Does pyspark use Java serialization by default, as Scala spark does?  If
so, then...
can I use Kryo with pyspark instead?  The instructions say I should
register my classes with the Kryo Serialization, but that's in Java/Scala.
 If I simply set the spark.serializer variable for my SparkContext, will it
at least use Kryo for Spark's own classes, even if I can't register any of
my own classes?

Thanks,
Diana

Re: using Kryo with pyspark?

Posted by Matei Zaharia <ma...@gmail.com>.
Kryo won’t make a major impact on PySpark because it just stores data as byte[] objects, which are fast to serialize even with Java. But it may be worth a try — you would just set spark.serializer and not try to register any classes.

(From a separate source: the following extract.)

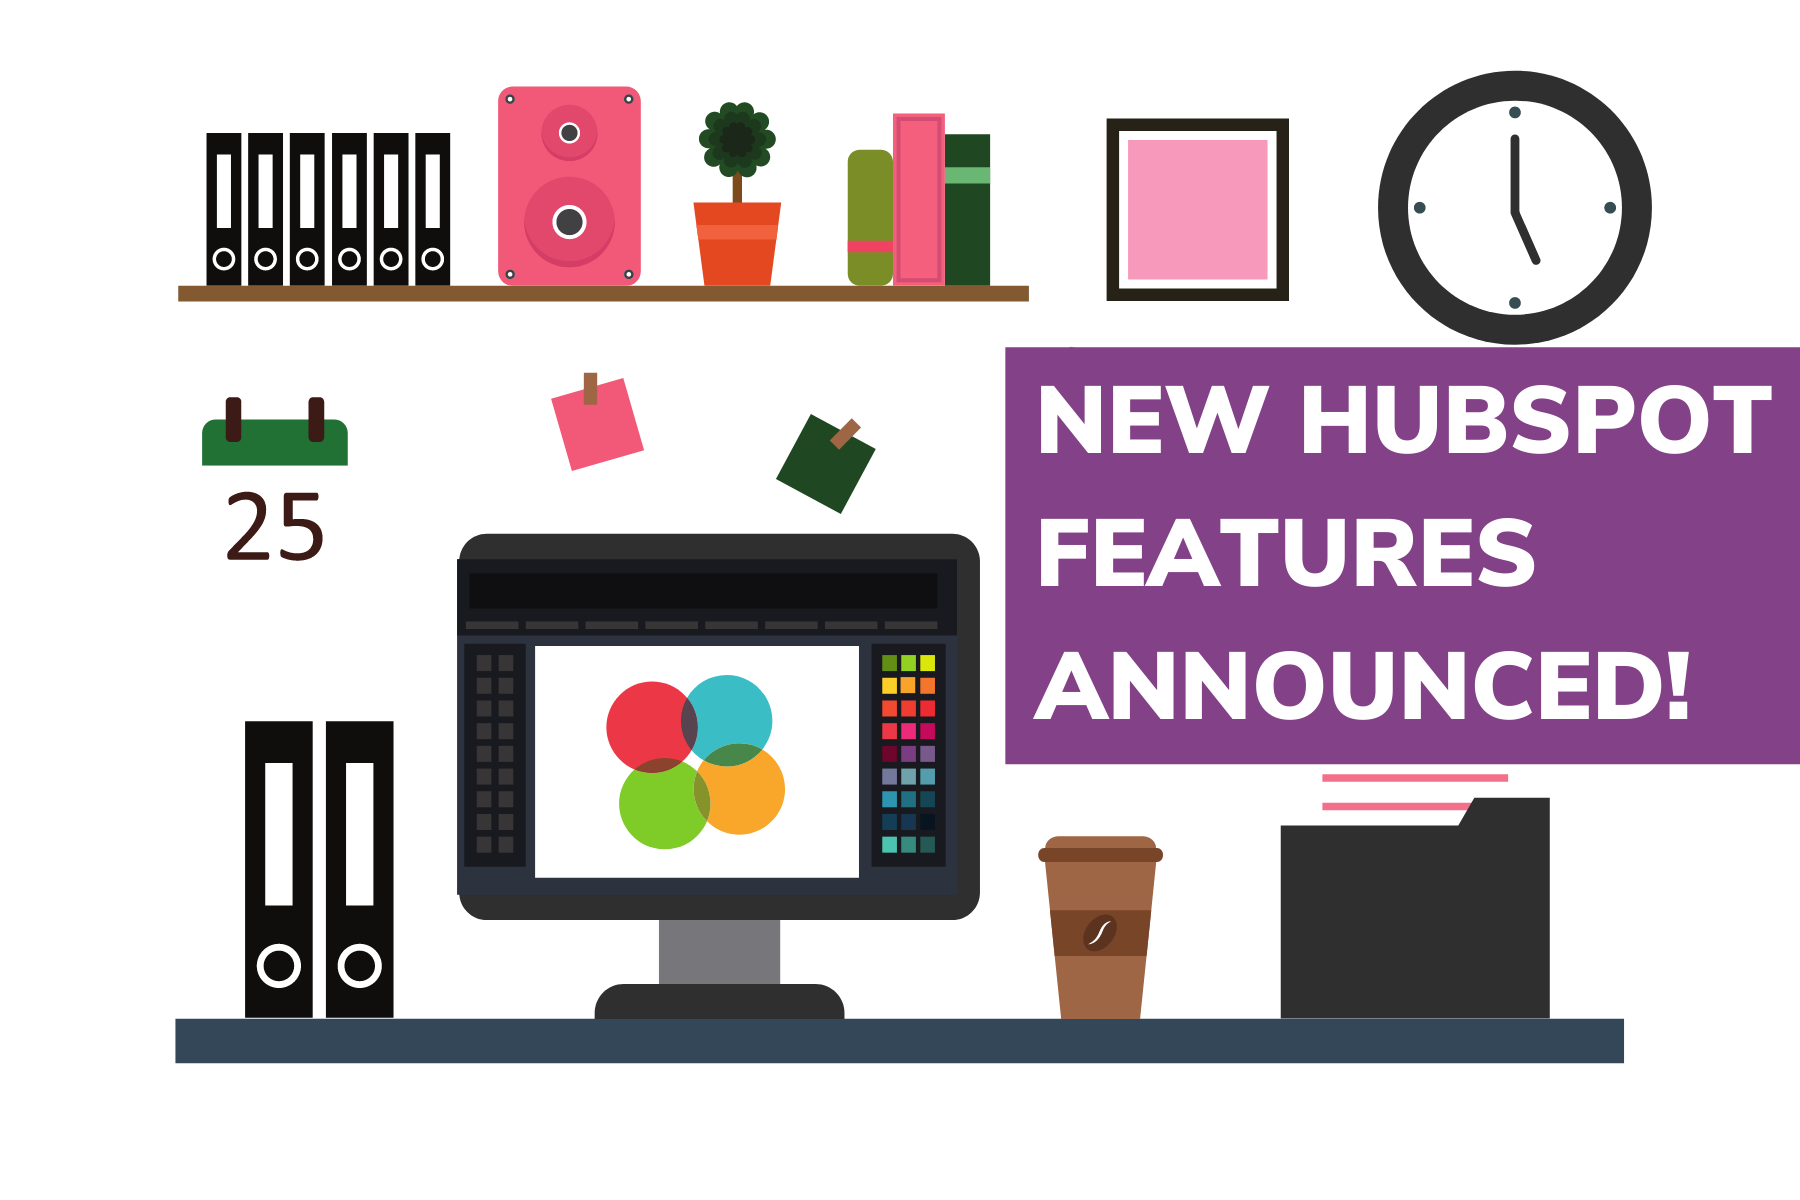 New HubSpot features announced!

What might make more impact is storing data as MEMORY_ONLY_SER and turning on spark.rdd.compress, which will compress them. In Java this can add some CPU overhead but Python runs quite a bit slower so it might not matter, and it might speed stuff up by reducing GC or letting you cache more data.

Matei

On Apr 14, 2014, at 12:24 PM, Diana Carroll <dc...@cloudera.com> wrote:

> I'm looking at the Tuning Guide suggestion to use Kryo instead of default serialization.  My questions:
> 
> Does pyspark use Java serialization by default, as Scala spark does?  If so, then...
> can I use Kryo with pyspark instead?  The instructions say I should register my classes with the Kryo Serialization, but that's in Java/Scala.  If I simply set the spark.serializer variable for my SparkContext, will it at least use Kryo for Spark's own classes, even if I can't register any of my own classes?